Former managing director Ravi Narain and Chitra Ramkrishna, who were part of the founding team of the NSE and ran the exchange like a fief during each of their tenures, have been barred from holding any position in the management and/or in the Board of any Stock Exchange and/or Clearing Corporation or with any market intermediary or their related entity and/or with any company having its securities listed on any Stock Exchanges recognized by SEBI, for a period of three years.
In a second order related to “dark fiber” involving unregistered service provider, Sampark Entertainment, SEBI has said that since NSE is a recognised stock exchange and the leading market infrastructure institution, it occupies a pivotal role as a front line regulator. Therefore apart from reformatory steps under section 11, 11(4) and 11B of the SEBI Act, 1992 and Section 12A of the SCR Act, 1956, “considering the gravity of the allegations that have been established…, additional exemplary directives need to be issued could pose an effective deterrence and dis-incentive to the Noticee (NSE) to perpetrate such kind of violations in future so far as administration and governance of its Colo facility is concerned.”
SEBI has directed NSE to deposit a reasonable portion of revenue earned by NSE through its co-location facility during 8th May 2015 to 10th September 2015 to the Investor Protection and Education Fund (IEPF) of SEBI. This amounts to Rs.177.43 Crore.
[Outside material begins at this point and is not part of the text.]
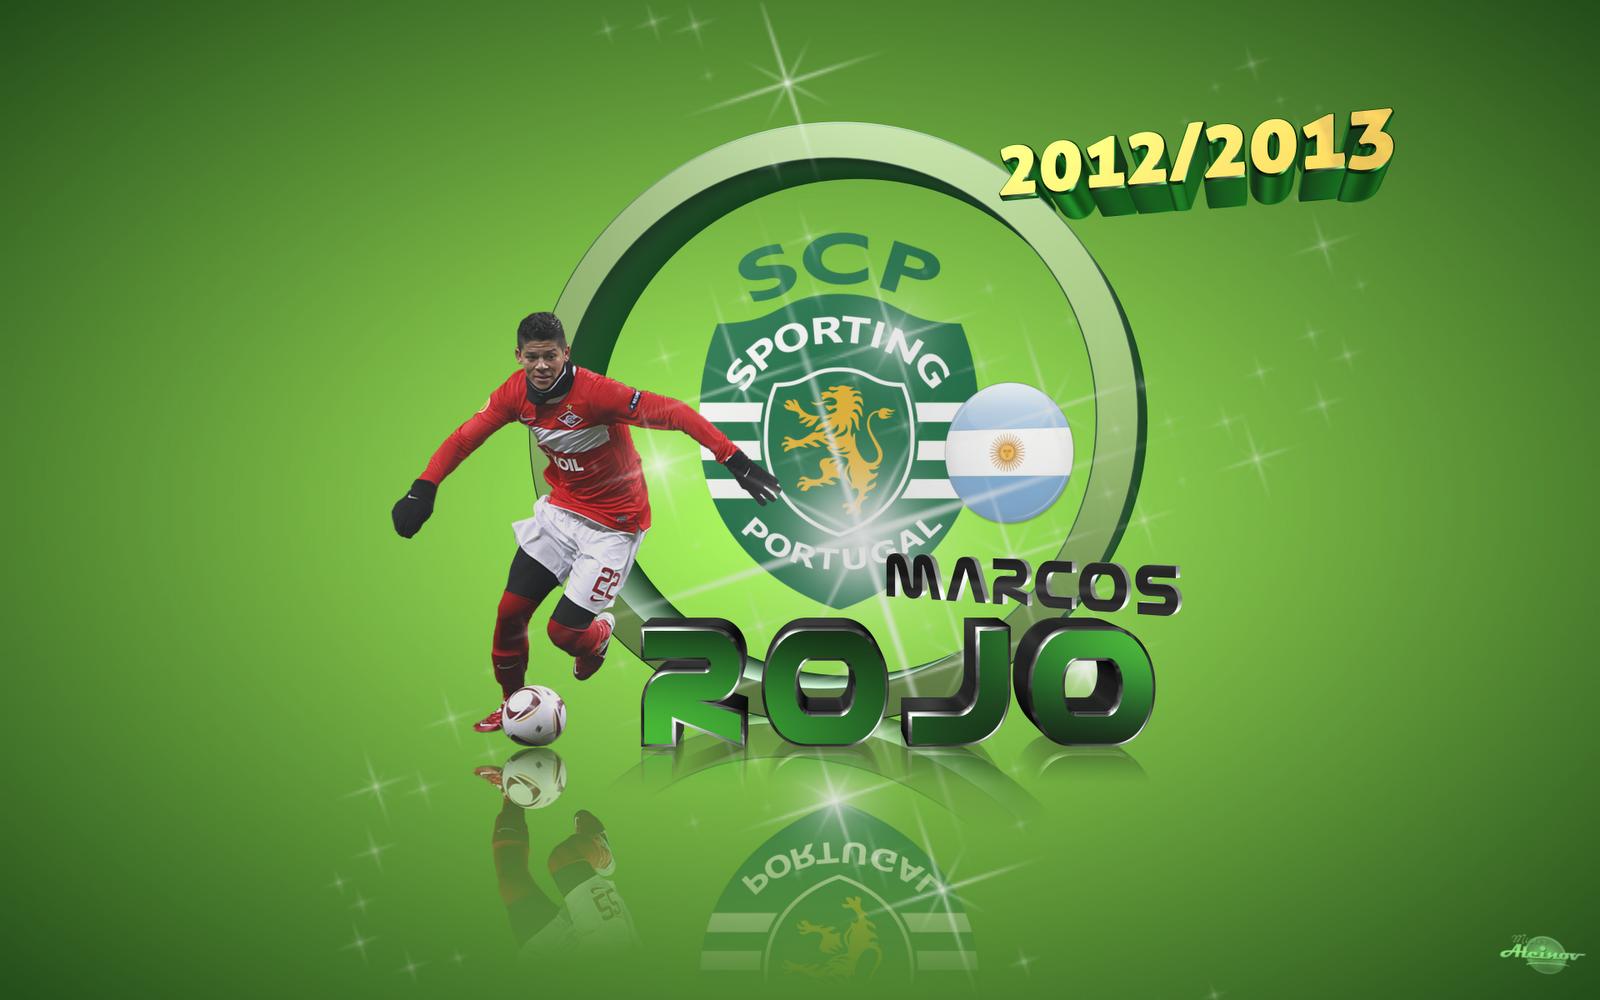 Marcos Rojo Football Wallpaper

Since NSE has allowed Sampark “to provide P2P connectivity without having proper licence, to a few stock brokers in a preferential manner while denying the same service to other stock brokers and the said illegitimate service continued for a period of four months, SEBI has asked for Rs62.58 crores to transferred to IPEF. Two co-location traders Way-2-Wealth and GKN Securities, were found to have “fraudulently availed of P2P connectivity with the help of an unauthorized Telecom Service Provider (Sampark) at the Colo facility of NSE… in a manner to gain undue advantage in terms of low latency and high bandwidth in data transmission as compared to other stock brokers in securities market.”
Hence, SEBI has asked them to deposit an amount equivalent to income from trading in their proprietary trading accounts during the period Sampark was permitted to provide P2P connectivity to them, to the IPEF. This comes to Rs15.34 crores for W2Wand Rs4.9 crore for GKN.
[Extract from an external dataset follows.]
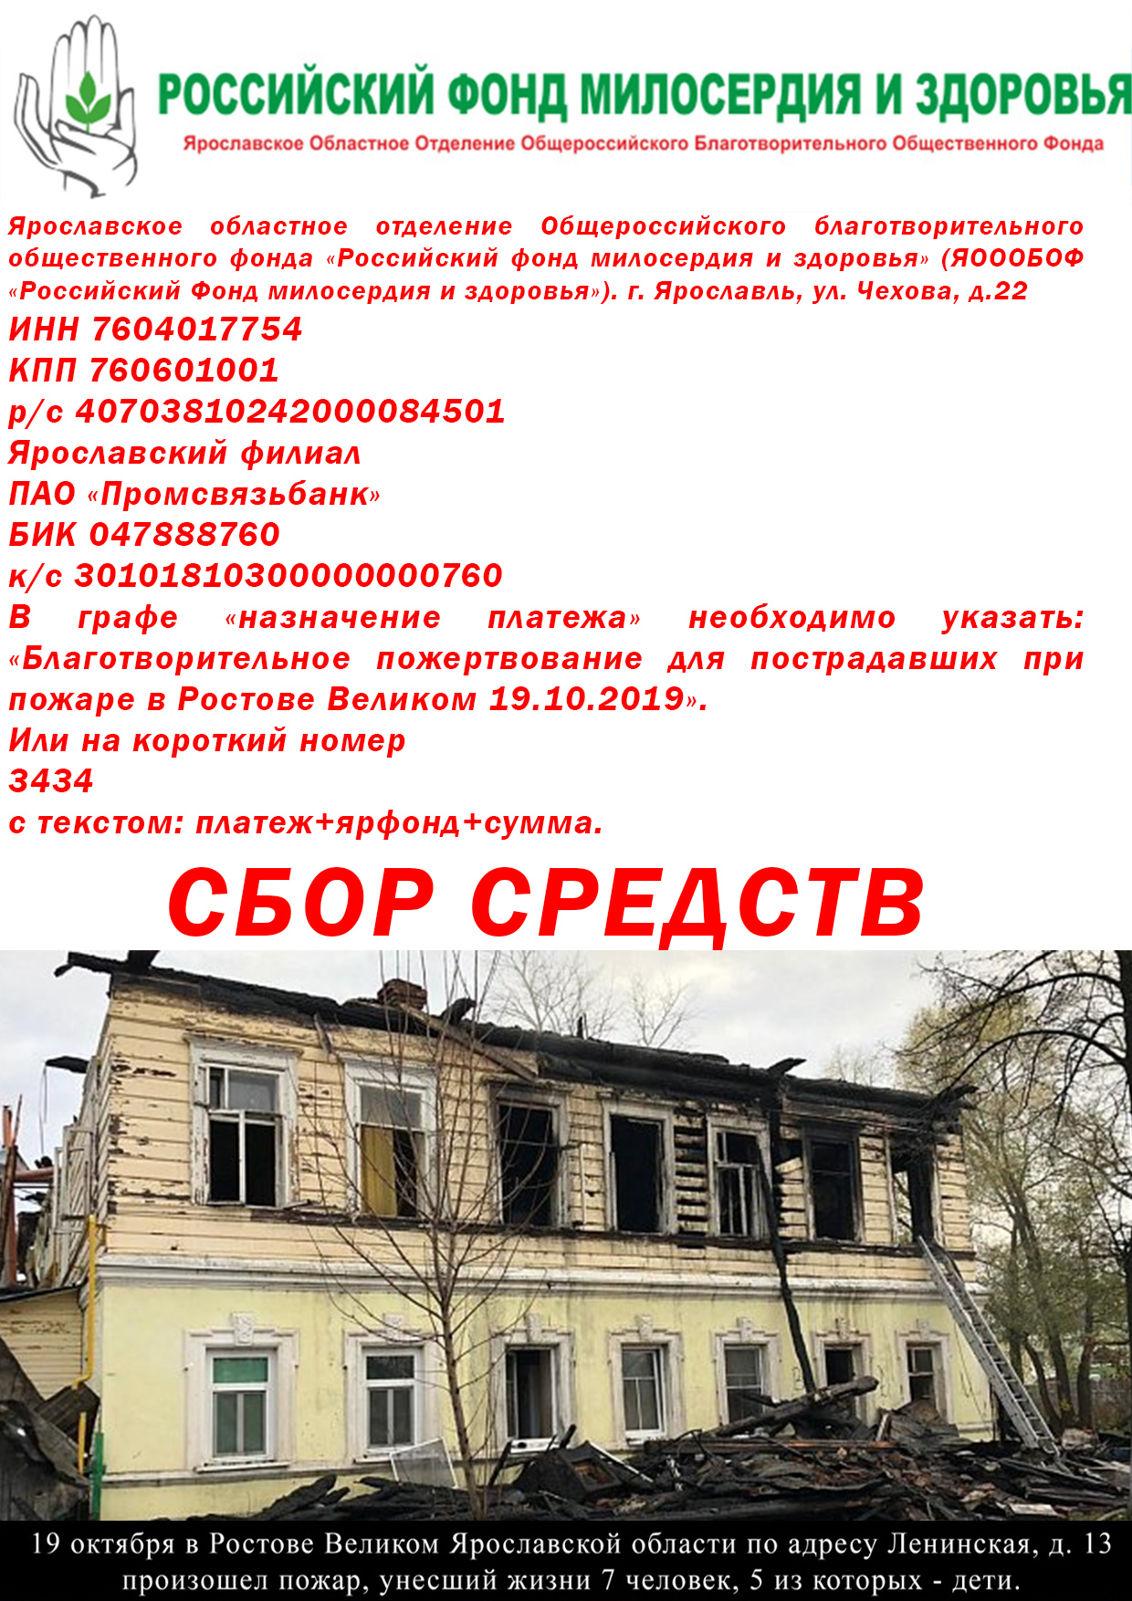 Как помочь: в Ярославской области стартовал сбор средств для пострадавших при пожаре в Ростове

NSE was directed to deposit Rs62.58 crore as determined along with interest calculated at the rate of 12% p.a. from September 11, 2015 till the actual date of payment, to IPEF of SEBI within 45 days from the date of this order. NSE was also get its network architecture and infrastructure in its co-location facility and its linkages to the trading infrastructure audited by an independent auditor. NSE was also directed to submit to SEBI, a report duly certified by its MD and CEO and with the comments of its Governing Board certifying that the network architecture and connectivity at its Colo facility and its linkages to the trading infrastructure are in conformity with SEBI’s regulatory norms to provide fair, equitable, transparent and non-discriminatory treatment to all the market intermediaries registered with the Noticee No. 1.
NSE has been directed not to introduce any new derivative product for the next six months from the date of this order.
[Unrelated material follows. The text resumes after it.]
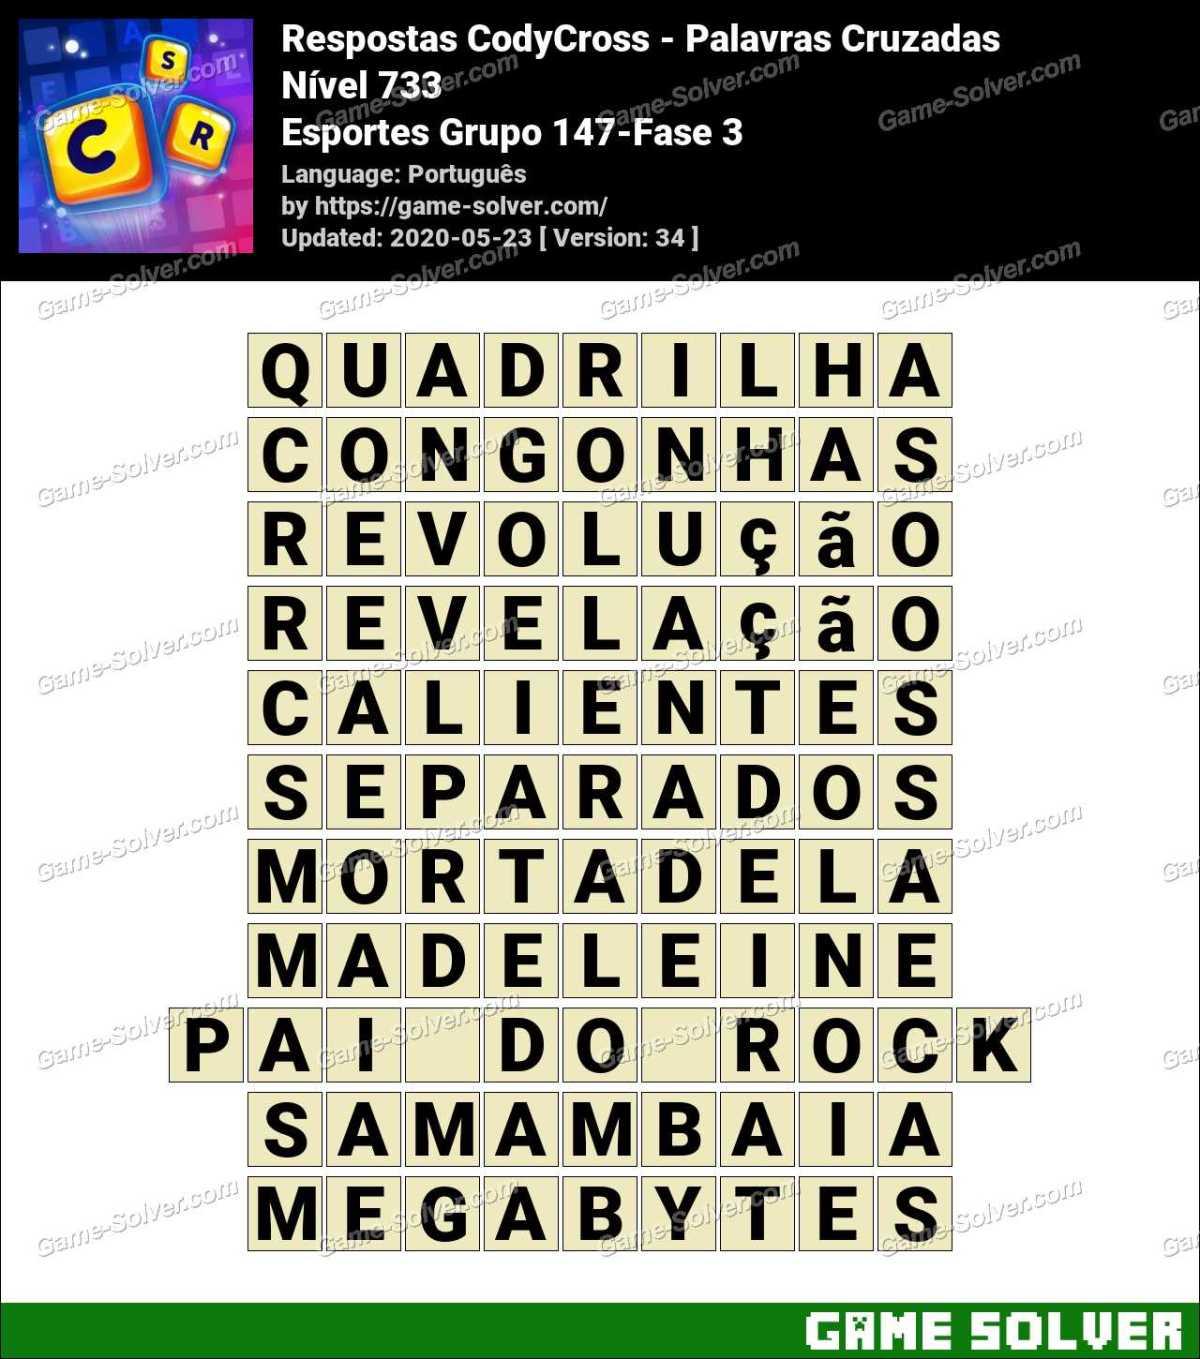 Respostas CodyCross Esportes Grupo 147-Fase 3

Chitra Ramkrishna was directed not to hold any position with any Stock Exchange, Clearing Corporation, Depository or any market intermediary registered with SEBI, or any company listed in any of the stock exchanges for a period of 3 years. Other NSE employees, Subramanian Anand, who was inducted into NSE under very controversial circumstances, and Ravi Varanasi, Nagendra Kumar, Deviprasad Singh all got similar orders.